Pledge is a 2018 American horror film, written by Zack Weiner, directed by Daniel Robbins, and produced by Mark Rapaport and Keaton Heinrichs. The film centers on collegiate hazing taken to extremes. It had its world premiere at the 2018 Fantasia International Film Festival, and was released in theaters and on VOD on January 11, 2019 through IFC Midnight.

Cast
 Zachery Byrd as Justin
 Aaron Dalla Villa as Max
 Zack Weiner as David
 Phillip Andre Botello as Ethan
 Cameron Cowperthwaite as Ricky
 Jesse Pimentel as Bret
 Joe Gallagher as Ben
 Jean-Louis Droulers as Sam
 Erica Boozer as Rachel
 Melanie Rothman as Stacey

Production
Pledge finished its principal photography in the summer of 2016 in New Rochelle, NY and New York City. Part of the film's post-production finances were sourced through Kickstarter.

Release and reception
The film had its world premiere at the 2018 Fantasia International Film Festival on July 24, 2018 and its United States premiere on October 14, 2018 at Screamfest, where it won awards for Best Directing (Daniel Robbins) and Best Editing (Nik Voytas).

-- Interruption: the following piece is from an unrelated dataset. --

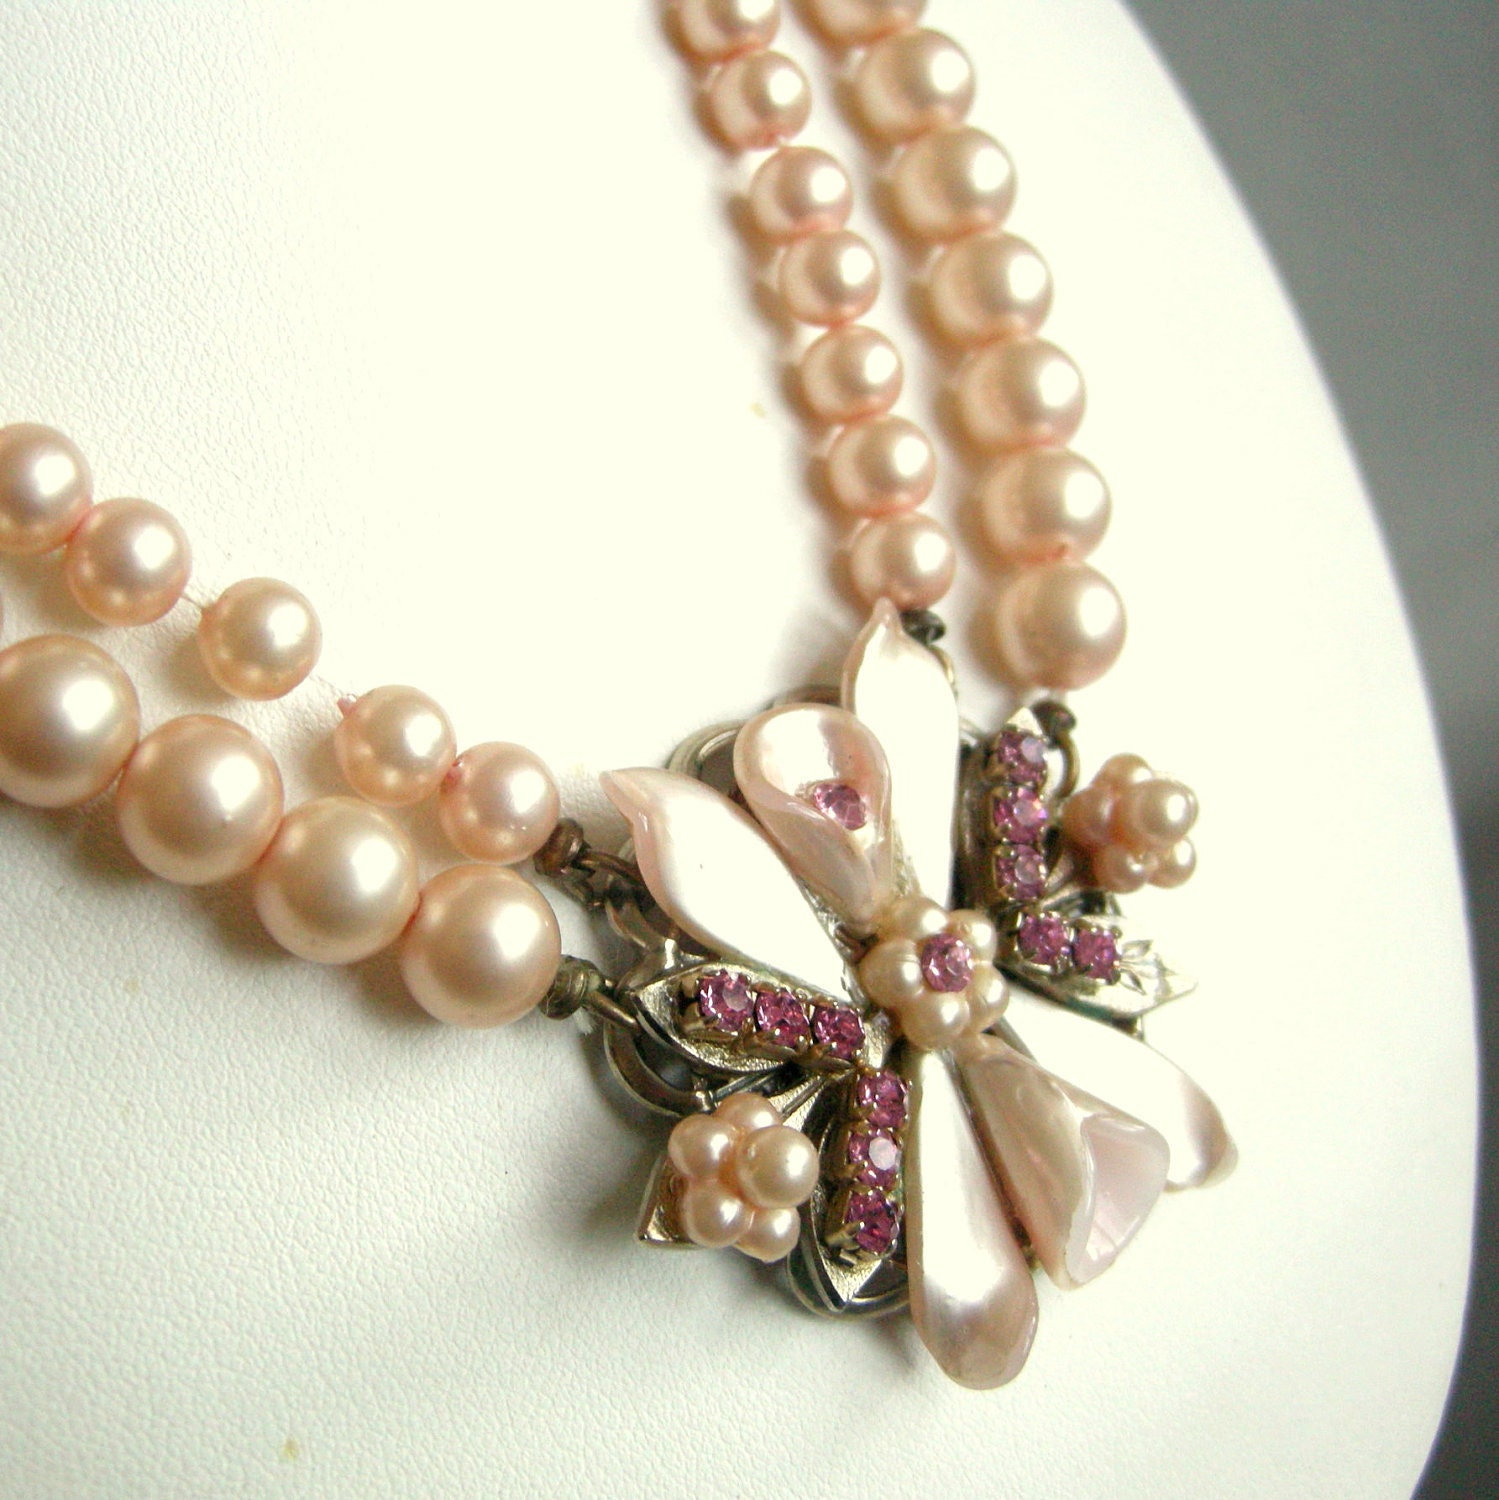 Vintage Coro double strand faux pearl necklace with floral

The film was later released theatrically and on VOD via IFC Midnight. Pledge had a limited theatrical release in 20 cities across the United States, with additional theatrical releases in Latin America through foreign distributors. Pledge has received generally positive reviews from critics, with  score on Rotten Tomatoes with its consensus stating, "Pledge leaves a certain amount of potential untapped in its extreme take on collegiate hazing, but the end result is still well-executed enough to be worth a watch."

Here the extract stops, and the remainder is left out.